- Required action -
While you copy the lines below, skip the pictures and keep the rest exact.

- Information shown -

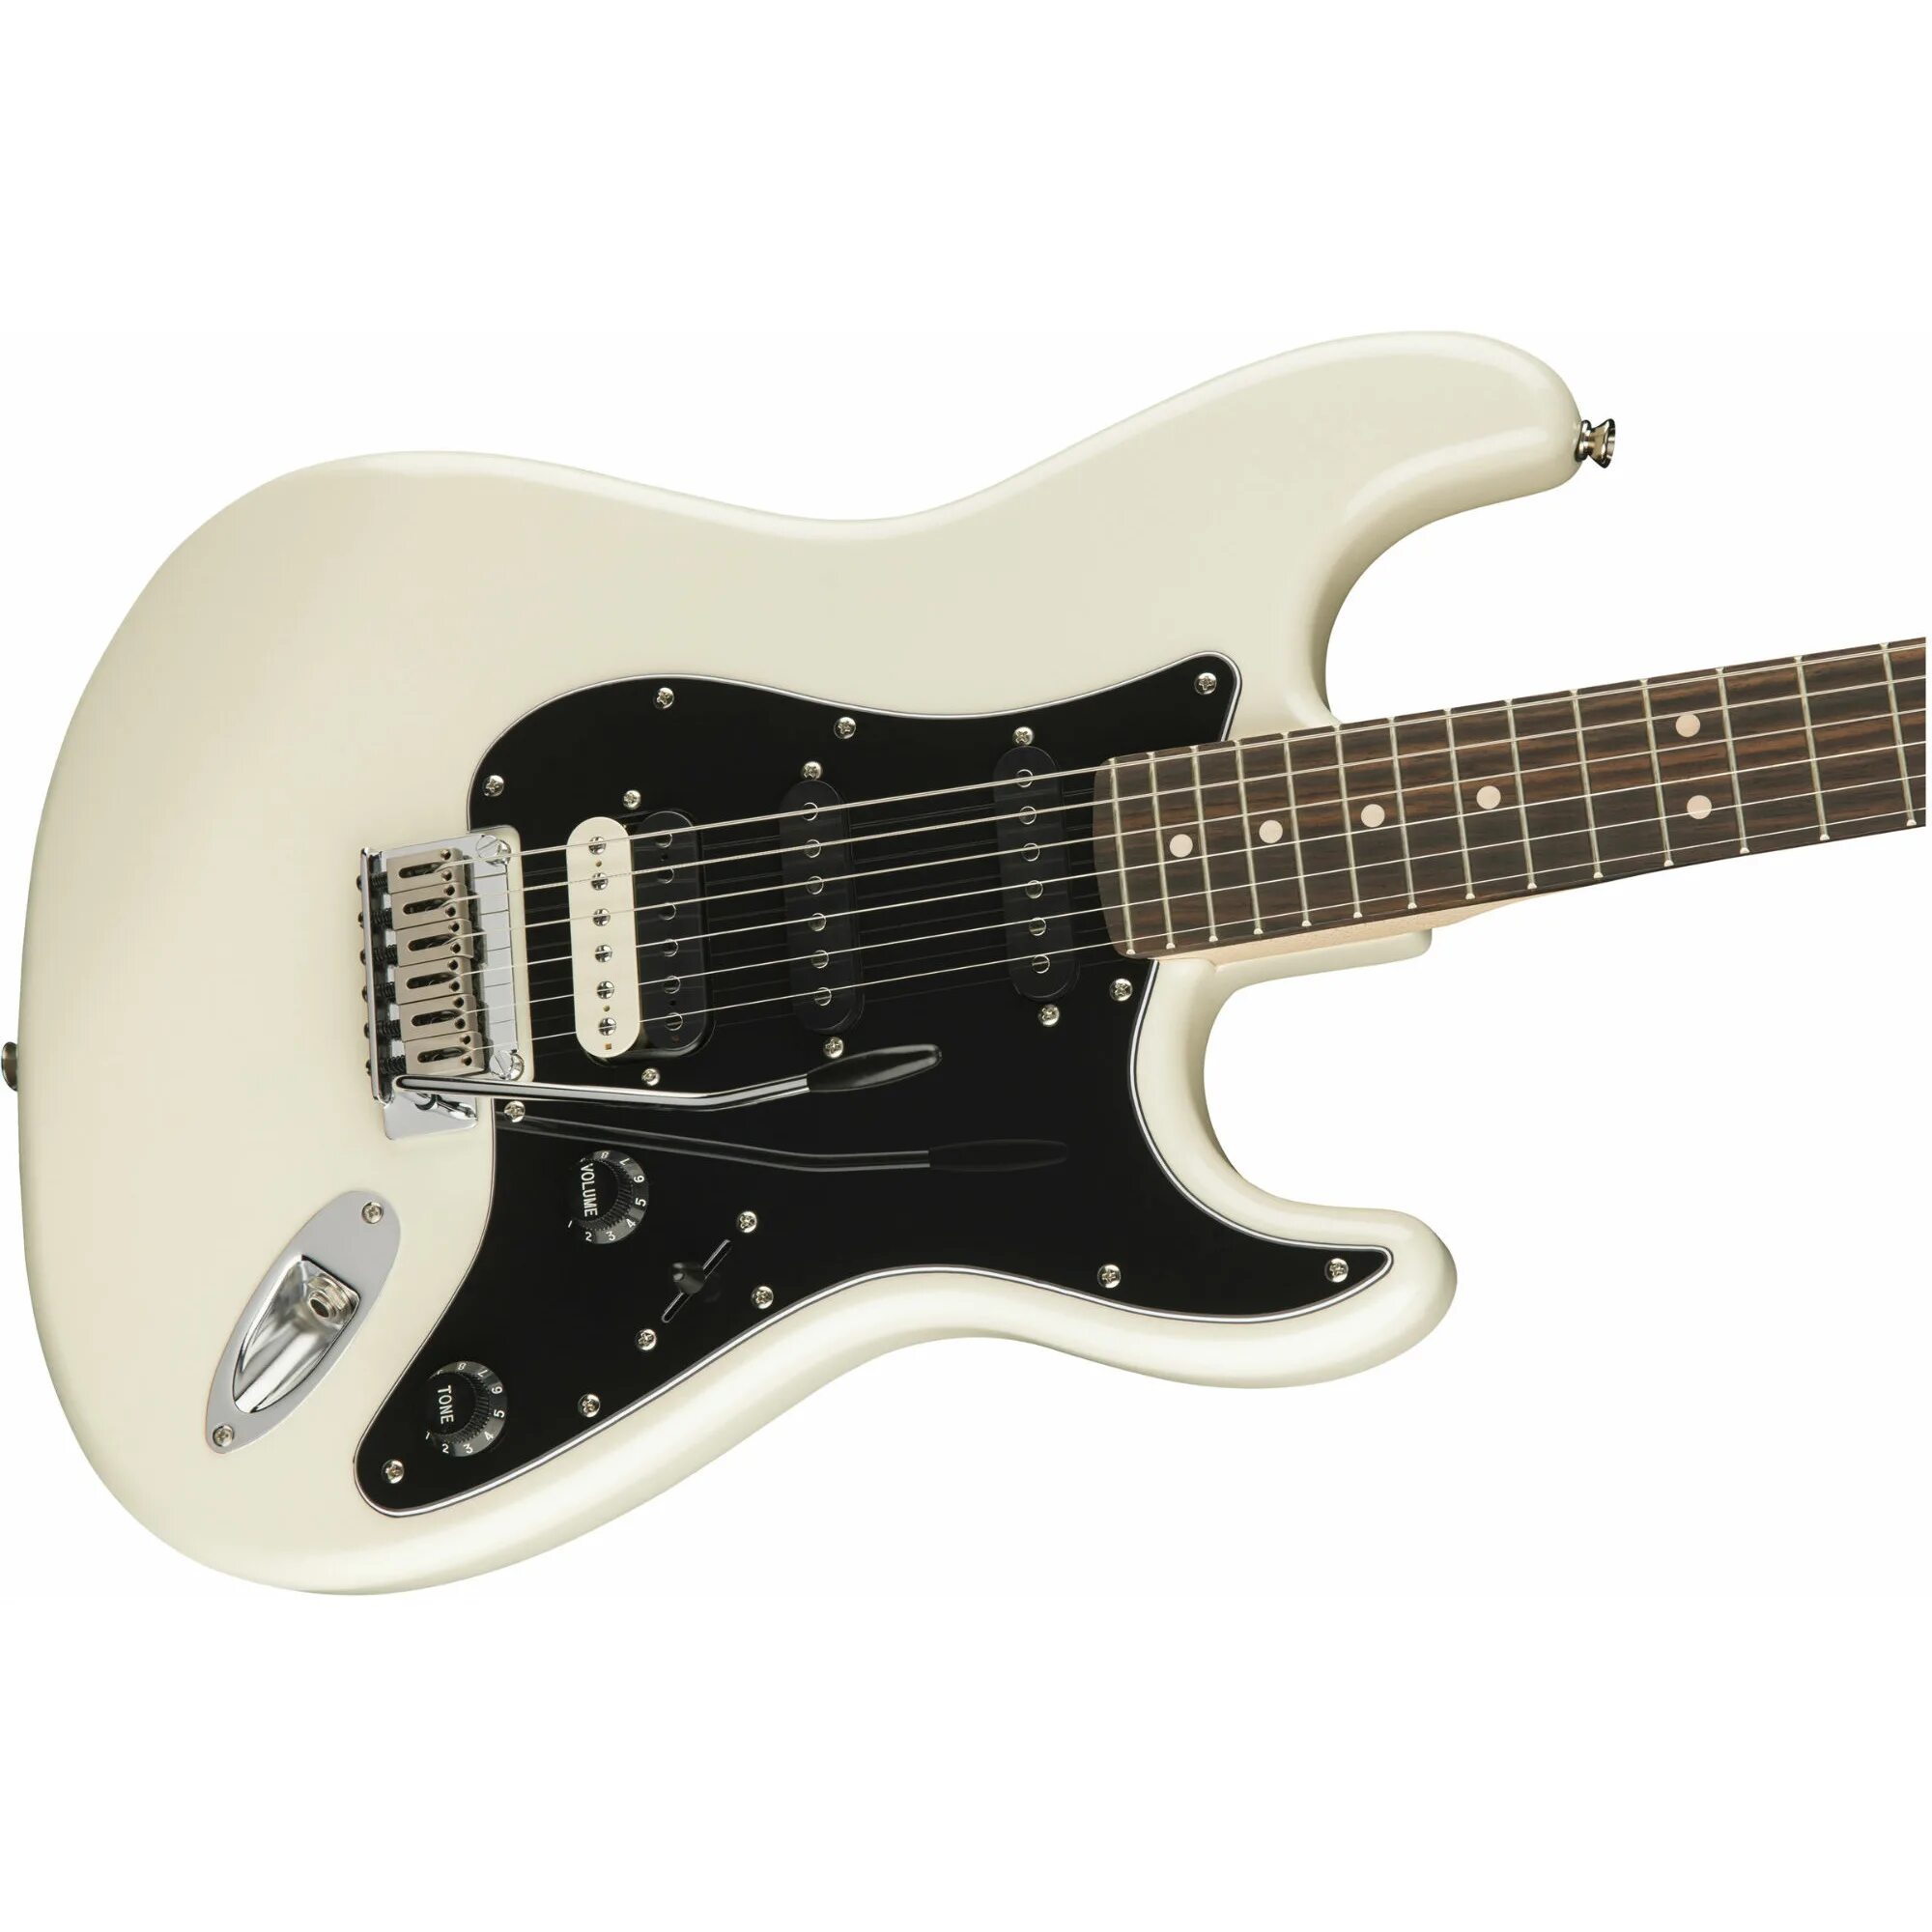 Fender стратокастер White Pearl. Гитара Fender Squier Stratocaster Affinity. Электрогитара Fender Squier Stratocaster. Электрогитара Фендер Squier Contemporary.
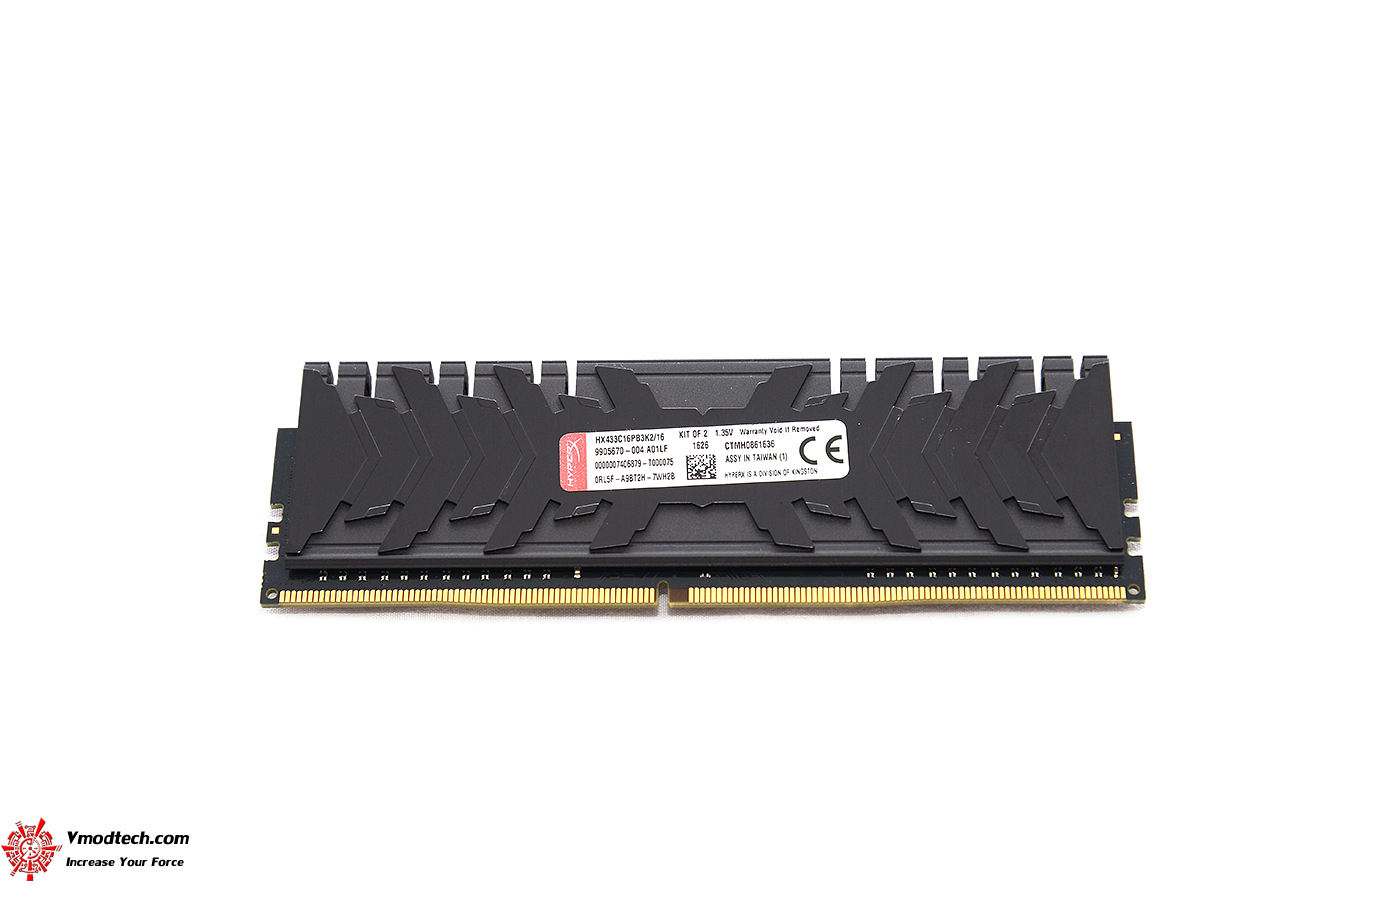 dsc 4985 HYPERX PREDATOR DDR4 3333MHz 16GB (2x8GB) CL16 REVIEW
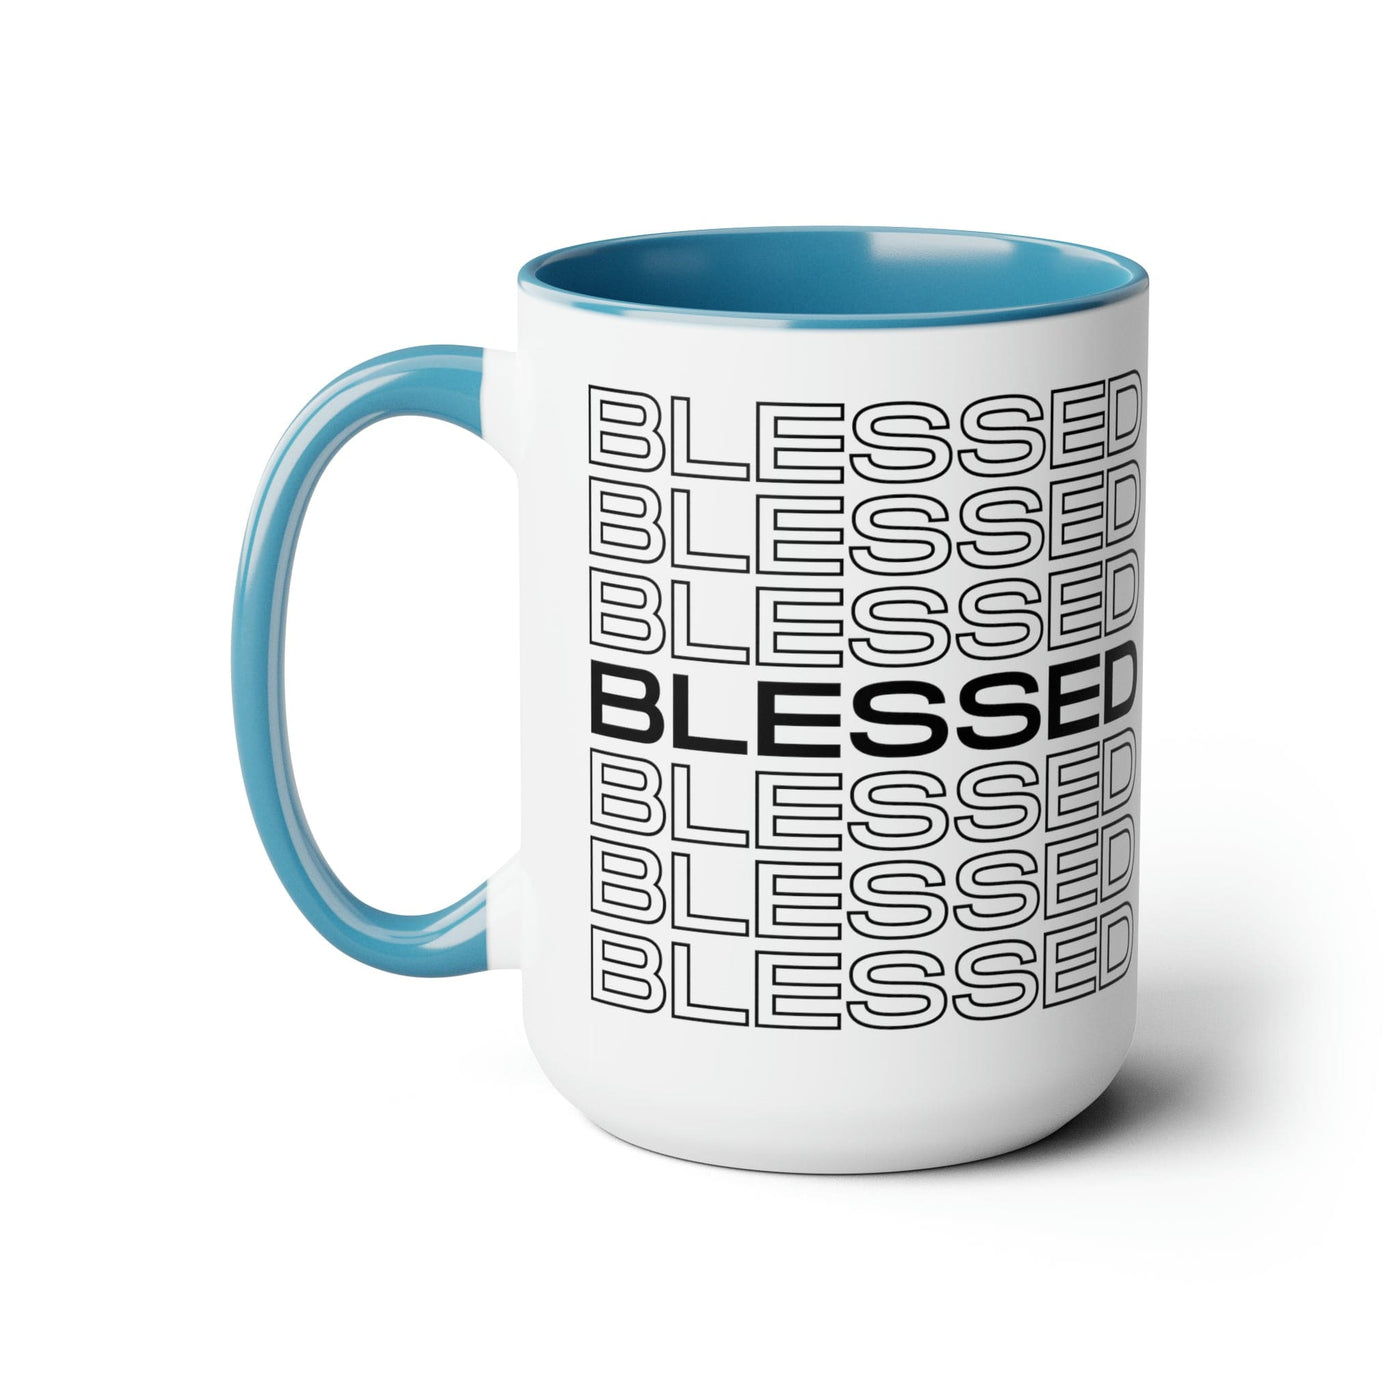 Accent Ceramic Mug 15oz Stacked Blessed Print - Inspirational Affirmation Black

- Finished exercise -
 Fender стратокастер White Pearl. Гитара Fender Squier Stratocaster Affinity. Электрогитара Fender Squier Stratocaster. Электрогитара Фендер Squier Contemporary.
 dsc 4985 HYPERX PREDATOR DDR4 3333MHz 16GB (2x8GB) CL16 REVIEW
 Accent Ceramic Mug 15oz Stacked Blessed Print - Inspirational Affirmation Black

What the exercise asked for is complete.